NKJ Hebrews 12:2 looking unto Jesus, the author and finisher of our faith, who for the joy that was set before Him endured the cross, despising the shame, and has sat down at the right hand of the throne of God.​Certainly, *the result* of Jesus' obedience unto death was exaltation and a name above every name (Phil. 2:8-11). Nevertheless, this text tells us that "the joy set before him" was not merely *a result* of his obedience but one of *the primary goals* of and *motivations* for his obedience. What is more, the author of Hebrews encourages believers to mortify sin and persevere through hardship "looking unto Jesus," that is, following his example. So believers are here encouraged to make "the joy" of heaven *a goal *and *a motivation* for self-denying, self-sacrificing devotion to God. 

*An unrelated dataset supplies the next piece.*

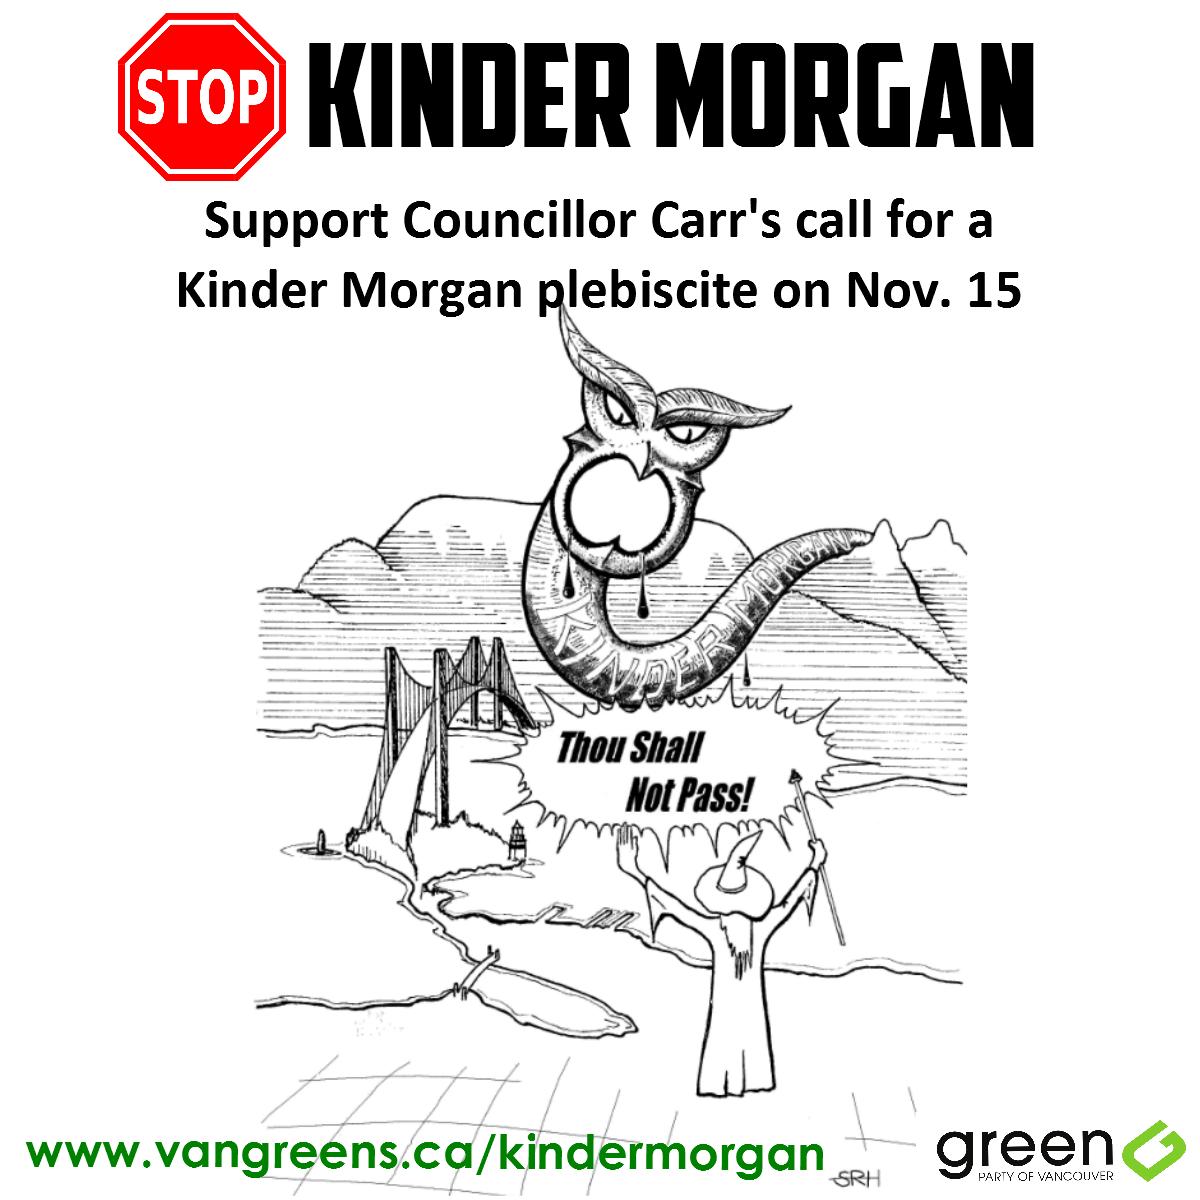 Stop_kinder_morgan_FB_image.png

Hence, I think it's fair to say that while the enjoyment of God is *a result* of glorifying God, it is also, like glorifying God, *a goal* and *motive* for Christian living. Similarly, one might speak of glorifying God not merely as *a goal *and *motive* for Christian living but as *the result* of our finding our highest joy and satisfaction in God as he is revealed in Christ Jesus. 

Blessings,


----------



## MW

Dr. Bob Gonzales said:


> The issue at hand is not who's more important, God or Man? The issue at hand is, What is *man's* chief end? For what purpose has *man* been created and what is *the heart motive* that should drive all this actions?



The differences really come down to this point. I shudder to think where a theology would lead which does not emphasise the fear of the Lord is the beginning of wisdom. The purpose for which man has been created is God's glory. The Lord hath made all things for Himself: yea, even the wicked for the day of evil. Even those who do not enjoy God for ever passively serve to glorify God. God is blessed for ever! Nothing man does can add to or detract from His perfect blessedness.


----------



## Dr. Bob Gonzales

armourbearer said:


> Dr. Bob Gonzales said:
> 
> 
> 
> The issue at hand is not who's more important, God or Man? The issue at hand is, What is *man's* chief end? For what purpose has *man* been created and what is *the heart motive* that should drive all this actions?
> 
> 
> 
> 
> The differences really come down to this point. I shudder to think where a theology would lead which does not emphasise the fear of the Lord is the beginning of wisdom. The purpose for which man has been created is God's glory. The Lord hath made all things for Himself: yea, even the wicked for the day of evil. Even those who do not enjoy God for ever passively serve to glorify God. God is blessed for ever! Nothing man does can add to or detract from His perfect blessedness.
Click to expand...


Matthew, 

Let's be careful that we're not misunderstanding or talking past each other. 

First, I affirm with you that God is more important than man. In fact, both propositions--glorifying God and enjoying God--are designed to keep God at the center of man's existence. 

Second, I affirm with you the fact that God has created all thing for his glory, even the wicked for the day of judgment. Hence, Judas Iscariot is glorifying God in hell by displaying God's almighty power and perfect justice. 

Thirdly, I affirm that God doesn't ultimately need man. Indeed, He was never obliged to create man in the first place. But out of sheer grace, God created man as his image both *to reflect *and also *to enjoy *His glory. 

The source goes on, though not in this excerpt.